Table 1 shows a comparison of the calculated slopes of the PABA/CoZIF with that reported in the literature. The gold electrode (blank) gave high Tafel slopes of 459.3 and 471.4 mV dec⁻¹ at 0.0300 M and 0.150 M H₂SO₄ concentrations, respectively. The slope decreased upon the addition of PABA, CoZIF and the PABA/CoZIF composite on the surface of the electrode as compared to that with the Au electrode [32,45,46]. The obtained b values were in the range of 150–373 mV dec⁻¹, differing according to acid concentration as shown in Table 1. The high b values show that the rate-determining step is the Volmer step, and production of molecular hydrogen follows the Volmer step coupled with either the Heyrovsky or Tafel step [4,16,21]. Furthermore, this was supported by the charge transfer coefficient, which was determined to be closer to 0.5 [16]. The intrinsic activity of the electrocatalyst was further estimated by determining the exchange current density, j_o, by extrapolating the Tafel plots [21,33]. The j_o value obtained for the synthesized PABA/CoZIF was greater than that for the pristine PABA and CoZIF at lower concentrations, showing it to be a promising electrocatalyst for hydrogen production.

4. Conclusions

In summary, we have successfully developed a PABA/CoZIF composite electrocatalyst from the incorporation of CoZIF in PABA polymer backbone through electrostatic interaction.

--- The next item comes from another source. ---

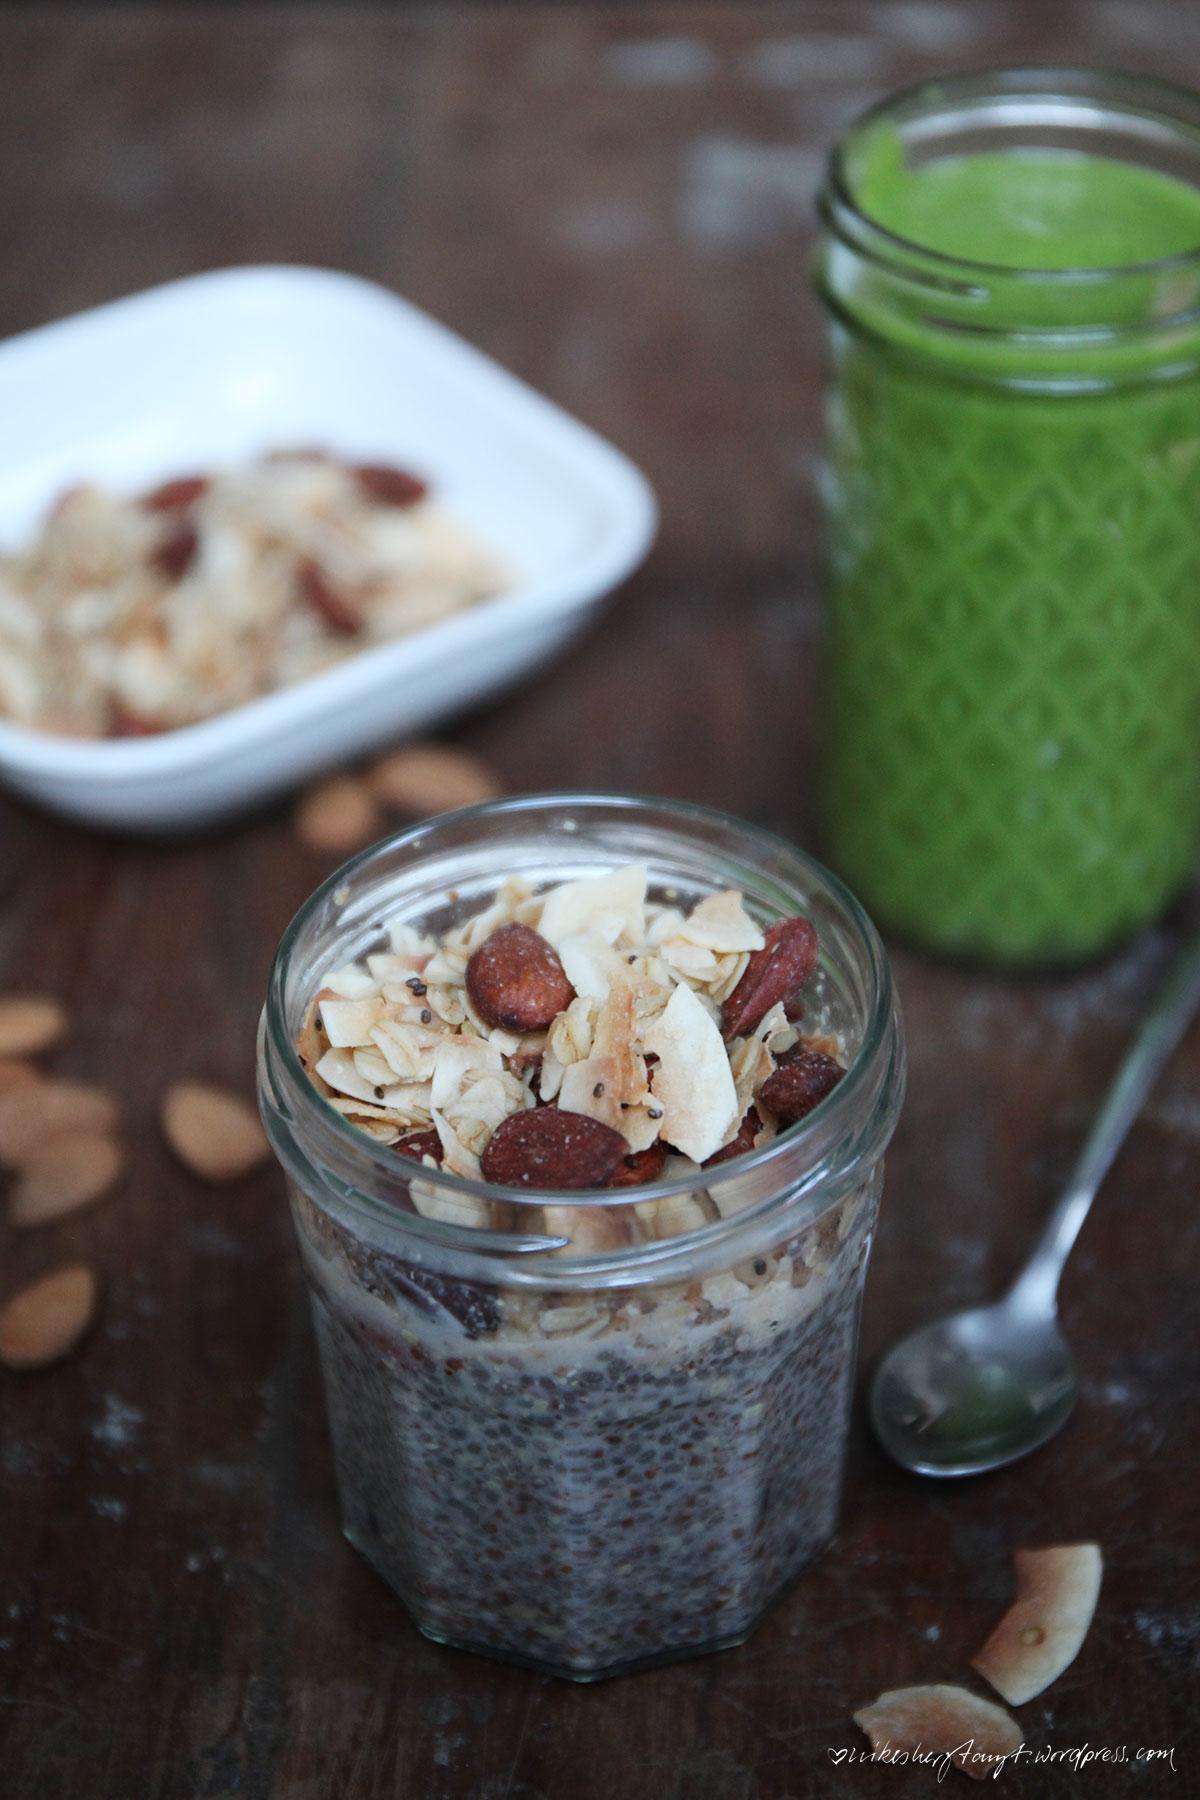 kokos mandel granola, iquitsugar, zuckerfrei, frühstück, sarah wilson, frühstücksglück, grüner smoothie, chiasamen, superfood, kokoschips, kokosöl, mandeln, haferflocken, müsli, nikesherztanzt

The electrocatalytic efficiency of the synthesized PABA/CoZIF composite for hydrogen production was investigated in an acidic medium through the HER. Both SEM and TEM demonstrated that the composite had a rough surface due to an interaction between the CoZIF and the external surface of the PABA. The composite exhibited admirable catalytic action due to the presence of CoZIF and remarkable stability for the HER in the acidic medium as compared to pristine PABA. Moreover, the electrocatalytic activity of the PABA/CoZIF composite appeared to be greater than that of CoZIF and PABA. The synthesized composite possessed a Tafel slope value of 156 mV/dec and charge transfer coefficient of 0.38, indicating that the rate-determining step of the HER for PABA/CoZIF was the Volmer reaction coupled with Heyrovsky reaction or Tafel reaction. This study affords a route for preparing a PABA doped with CoZIF electrocatalyst with high competence and incredible electrocatalytic action for the HER.